In general this PR reduces the overhead of using transformed functions. This is significant when transforming lightweight functions like get.

This makes getting elements from tuples and lists much faster but significantly slows down getting elements from iterators I believe that first(indexable) occurs more frequently in common operations.

benchmarking with bench/test_curry.py Before: Ran 1 test in 0.246s After: Ran 1 test in 0.183s

Follows Ask foregiveness, not permission principle benchmarking with bench/test_curry.py Before: Ran 1 test in 0.183s After: Ran 1 test in 0.122s

If we know that we only need one more argument then we return a `partial` object rather than a `curry`. This is done for performance reasons

For example the following no longer works >>> from toolz.curried import get >>> get(1)(default=None)(data) But curried get *is* about 20% faster Before: Ran 1 test in 0.085s After: Ran 1 test in 0.067s

…o memoize-curry-inspect

mrocklin · 2013-11-02T01:41:25Z

I've updated this. Performance of first, second, memoize, and curry(foo) are all substantially improved. Some ugliness was added.

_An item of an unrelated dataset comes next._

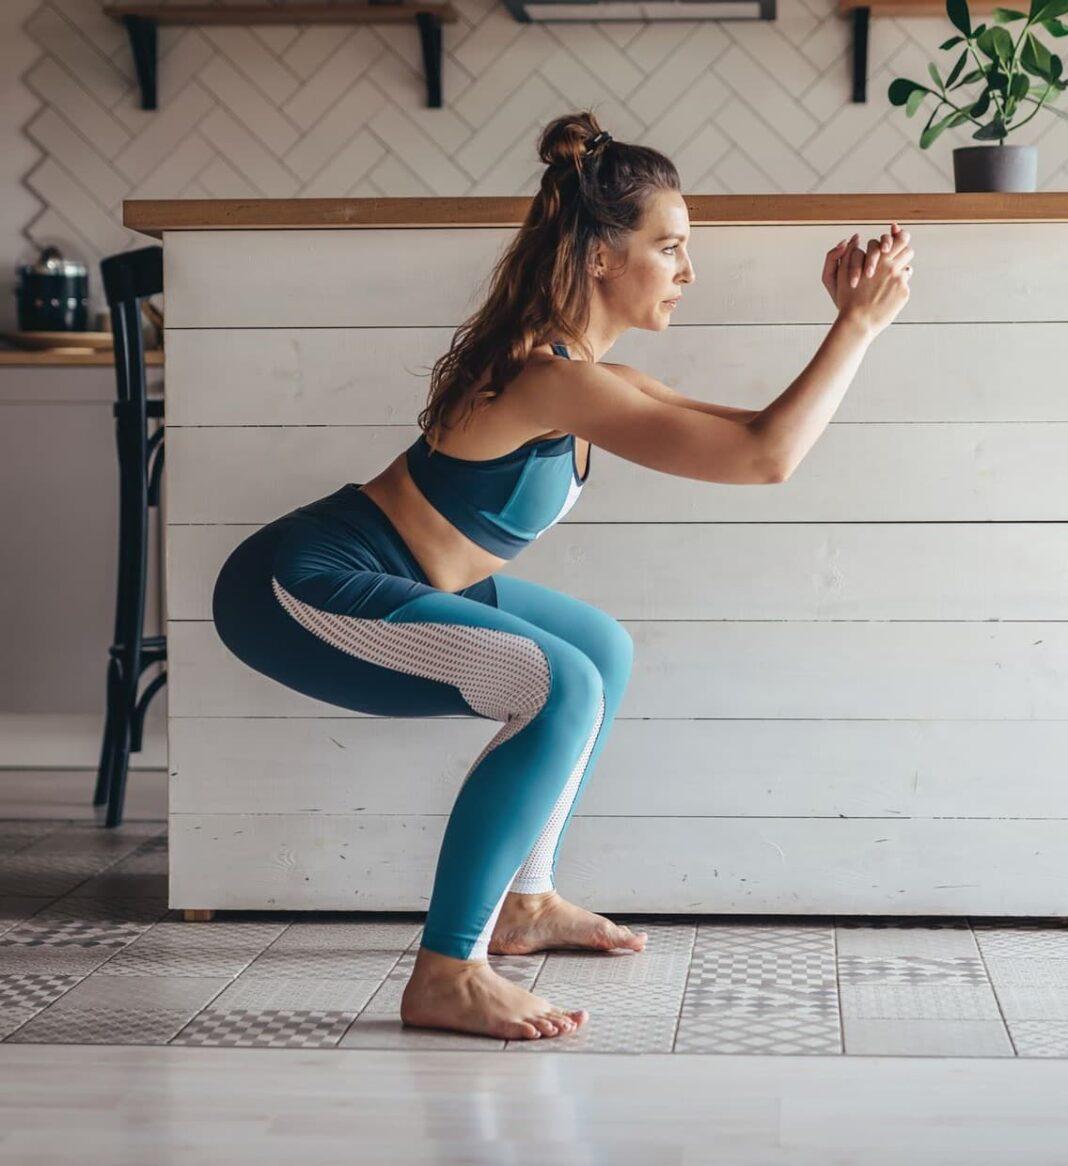 a woman doing a squat

eriknw · 2013-11-02T03:10:50Z

toolz/itertoolz/core.py

+    try:
+        return seq[1]
+    except TypeError:
+        return nth(1, seq)


We know this will raise an exception in nth that will need to be caught, which is relatively costly, so might as well do the following here instead of calling nth(1, seq):

return next(itertools.islice(iter(x), 1, None))

Looks like I've really just edited first and second to be copies of nth. Maybe both should be partials on nth.

eriknw · 2013-11-02T03:44:21Z

This patch looks pretty good, but I offer four points to consider:

On my computer, first(seq) seems to be about four times slower on iterators, but twice as fast on sequences. Although my benchmarking of this function is limited, it's clear there's a tradeoff between input types and optimal performance.
Regarding first, second, and nth, their behaviors have been changed for some objects, including OrderedDict, dict, and set. Although using these functions on dict and set may be questionable, using these functions on OrderedDict is perfectly reasonable, and it's even more reasonable to expect iteration--not indexing--to be done on a user-type object.
Changing a curry object to partial when one arg left is an interesting trick. The only possible downside is it changes the type of the curries object from toolz.functoolz.core.curry to functools.partial, so if a user ever checked for the type of object--whether or not it's a good idea to do so--they may need to check for both. Not a show stopper at all, especially if its benchmarks are better.
I agree that memoization of _num_required_args would be a great place for an LRU cache to limit memory usage.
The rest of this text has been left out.